Point is, aiming for modern doesn’t always pay off.
Update And Monitor Social Presence
Naturally the brand identity will only get stronger when it’s in front of people. This means being on social media platforms like Facebook, Twitter, Instagram, and others. If you understand the demographics on those platforms, you can focus on where your ideal customers dwell and post there.
And of course, make the brand consistent across every platform that you’re on.
Have Customers And Influencers Work With You
A strong brand is one that’s talked about. Having fans help with the brand can yield faster and larger results. There are tonnes of methods to encourage customers to make user generated content.
From contests to getting people to write reviews, having people sharing that content around can add credibility and piques the interest of multiple audiences.
Deliver Useful Content
From a business perspective – consumers and businesses are mainly online to look for information they need to make decisions about services or products that solve their problems.
This process takes place well before brands are even picked which is helpful.

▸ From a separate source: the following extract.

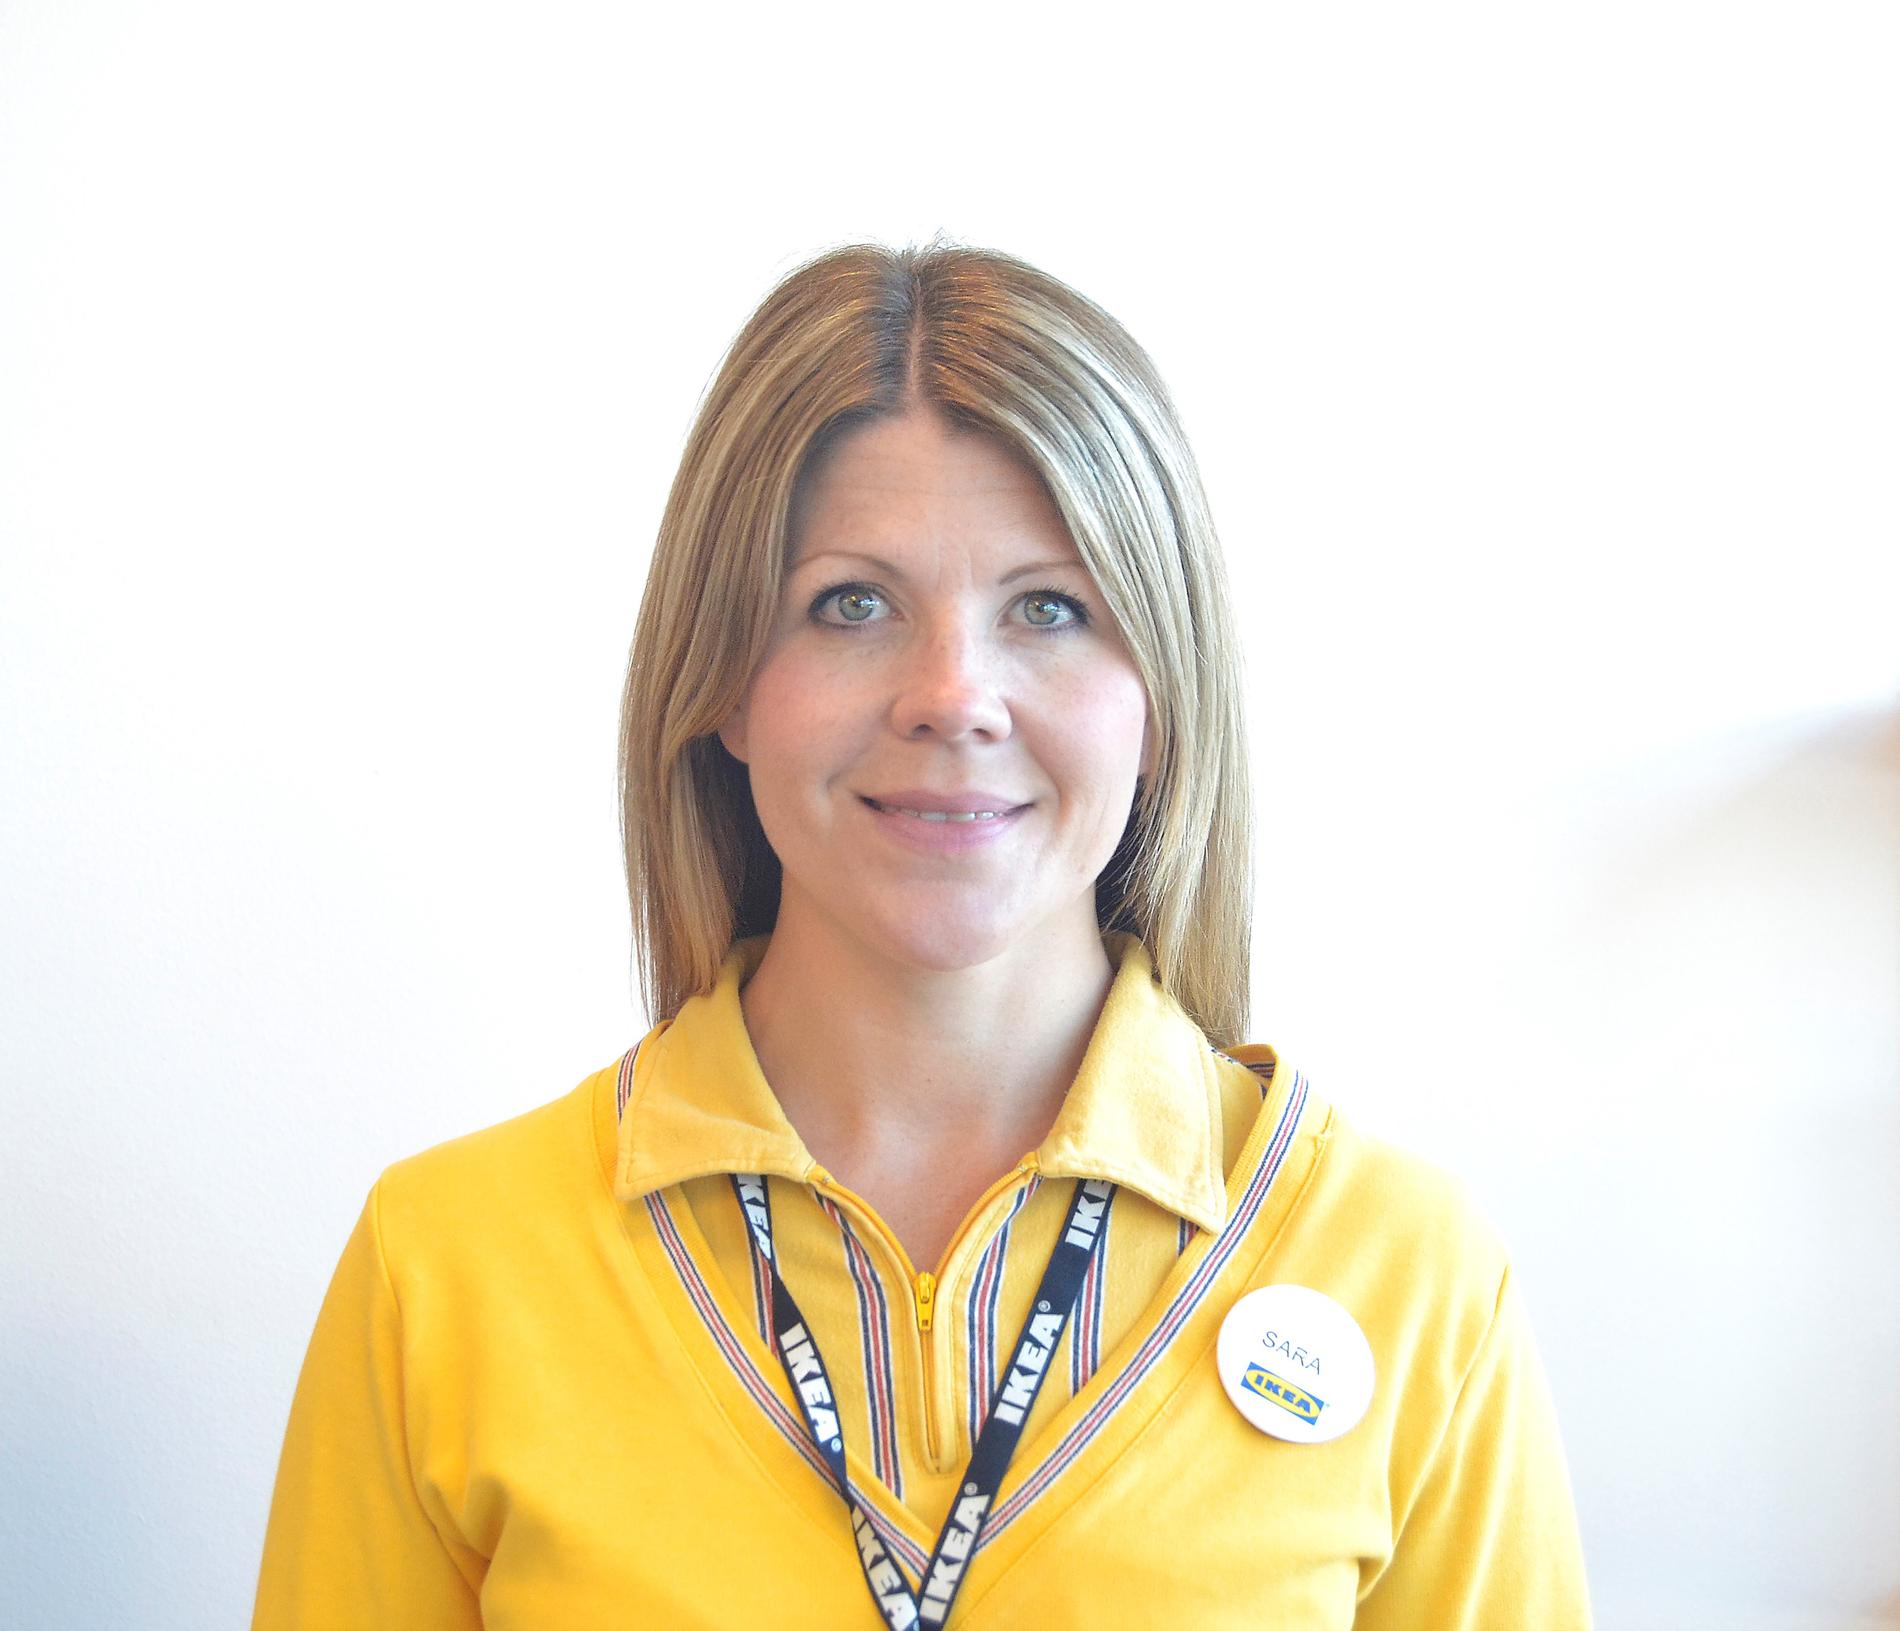  Sara Bergström, kundrelationschef på Ikea Borlänge.

It allows for any brand to provide the information that the person needs. This can also provide brand recognition too. As such, you want to be strategic about the content that you publish and ensure that it can be applied to their life in some way shape or form.
Remember Everyday Interaction
The brand you’re building is a sum of every single interaction the company has made. What this means is you want to be paying attention to all the details and things that seem so small but can make a big difference.
Things like response time, ability to answer questions fast, provide convenient checkout, a good UX design, simple payment systems and more go a long way.
Define Your Values
A strong brand is something that stands behind something. With every passing day we see brands having more personality as they stand behind certain hot topics such as people’s rights, views of the environment, and business practices.
What these brands are for and against speaks volumes about their brand and the values too. Be sure to have these clearly outlined.
Competition is no longer just the store across the street. There are more and more businesses emerging every day and thanks to many being online the competition is larger than ever.
In order for small businesses to be standing out, a brand identity is crucial. It’s often a time-consuming and expensive endeavour, however it is absolutely worth it. People can argue against branding identities because they have to compete with large businesses but that’s all the more reason to have a brand identity.
Deliver amazing experiences and show them that you care through a brand that customers can connect with and they will love you back.